= Keith H. Steinkraus =

Keith H. Steinkraus (1918–2007) was an American food scientist who was well known in food fermentation which led to the growth of soy-based foods. He also was involved in bacterial diseases used in the control of European chafer and Japanese beetles in New York state.

==Career==
A native of Minnesota, Steinkraus graduated cum laude (B.A.) from the University of Minnesota in 1939 and earned his Ph.D. in microbiology from Iowa State University in 1951. He would stay at Iowa State for one year before joining Cornell University and the New York State Agricultural Experiment Station (NYSAES) in 1952.
He was promoted to full professor in 1962 at Cornell and NYSAES and retired as professor emeritus in 1988, although he remained active in his field and at Cornell for many years afterward.

During his career, Steinkraus's research would focus on the microbial, chemical, and nutritional changes occurring in fermented foods. At Cornell, the experience of mentoring students who had come from Asia, Central America and Africa to study the microbiology of their native foods prompted Steinkraus to study fermented foods, including tempeh, soy sauce, soy milk, tape, trahanas, idli/dosa and the fermented fish sauces (List of fish sauces; List of fish pastes)and soy products of the Far East, including miso and tofu.

He was the first researcher to obtain sporulation of Bacillus popillae in a fermentation medium.

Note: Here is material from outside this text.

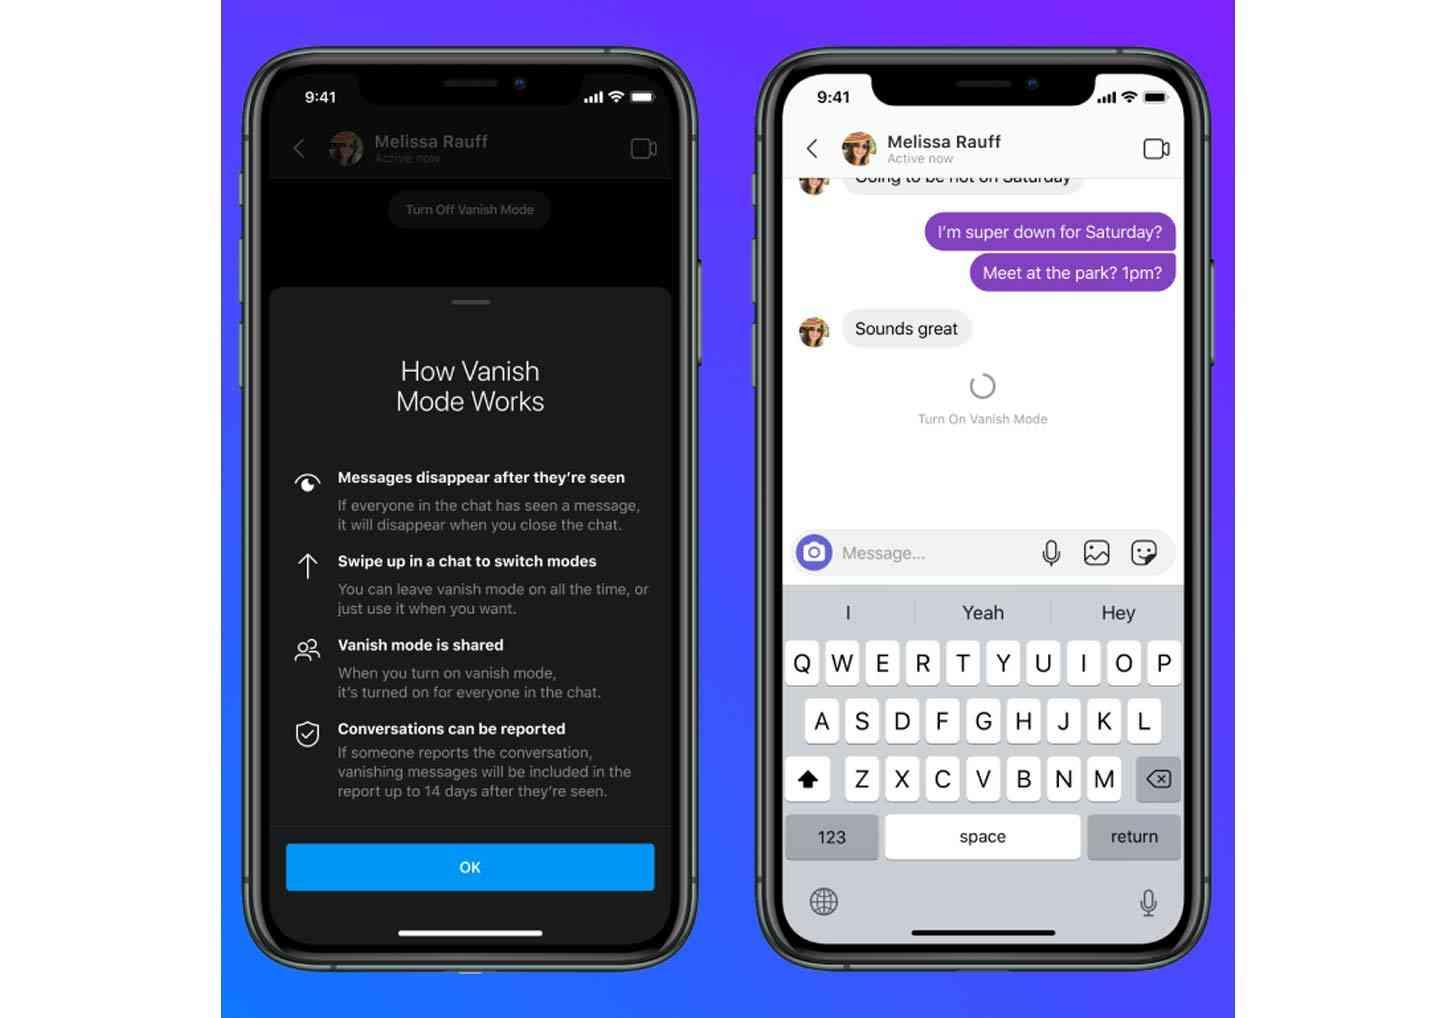 Facebook Messenger Vanish Mode features

He published over 180 scientific papers, edited three books, and earned seven patents. His "Handbook of Indigenous Fermented Foods," published in 1983, was the first comprehensive and authoritative book on the subject.

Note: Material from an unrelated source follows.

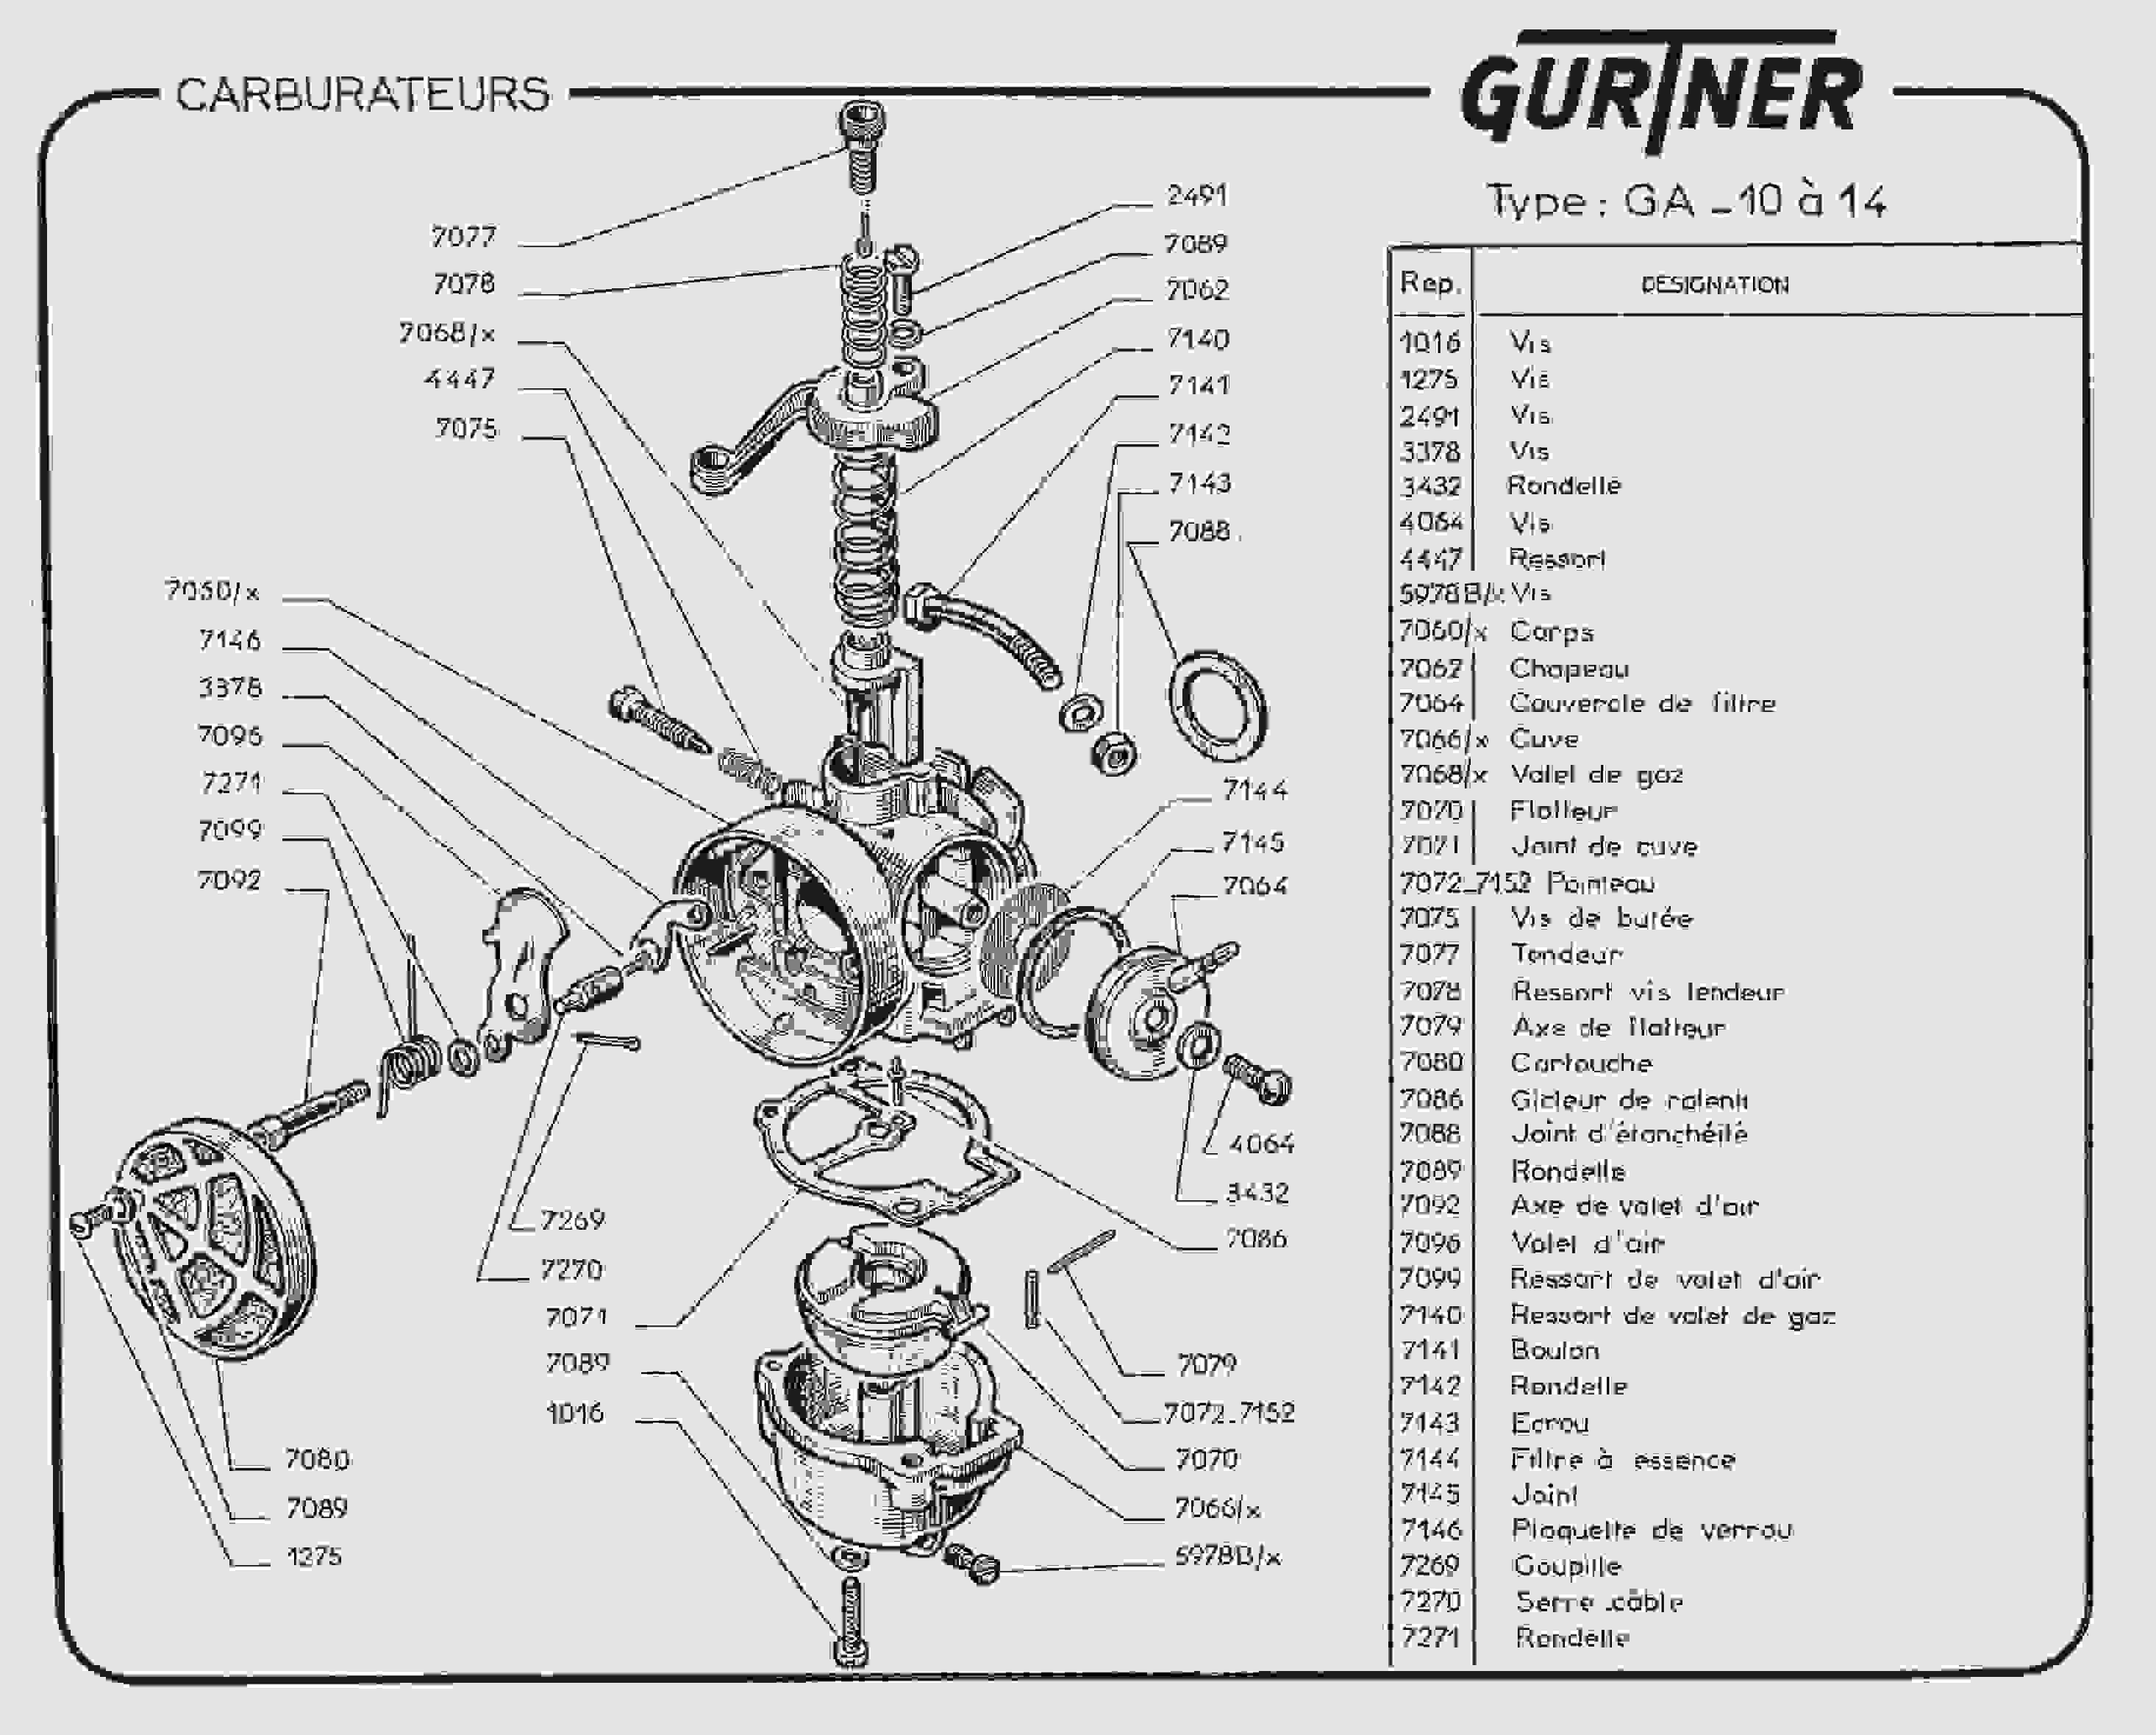 Recherche Piece Carbu Gurtner Ga14 Ga720 Ou Carbu Complet

After his retirement from Cornell, Steinkraus acted as a consulting microbiologist worldwide, especially in Asia.

==Honors and awards==
- American Association for the Advancement of Science Fellow.
- American Academy of Microbiology Fellow.
- Institute of Food Technologists (IFT) International Award - 1985.
- IFT Fellow - 1987.
- International Academy of Food Science and Technology Charter Fellow - 1999.

==Selected work==
- Steinkraus, K.H. (2004). Industrialization of Indigenous Fermented Foods, Second Edition. Boca Raton, Florida: CRC Press.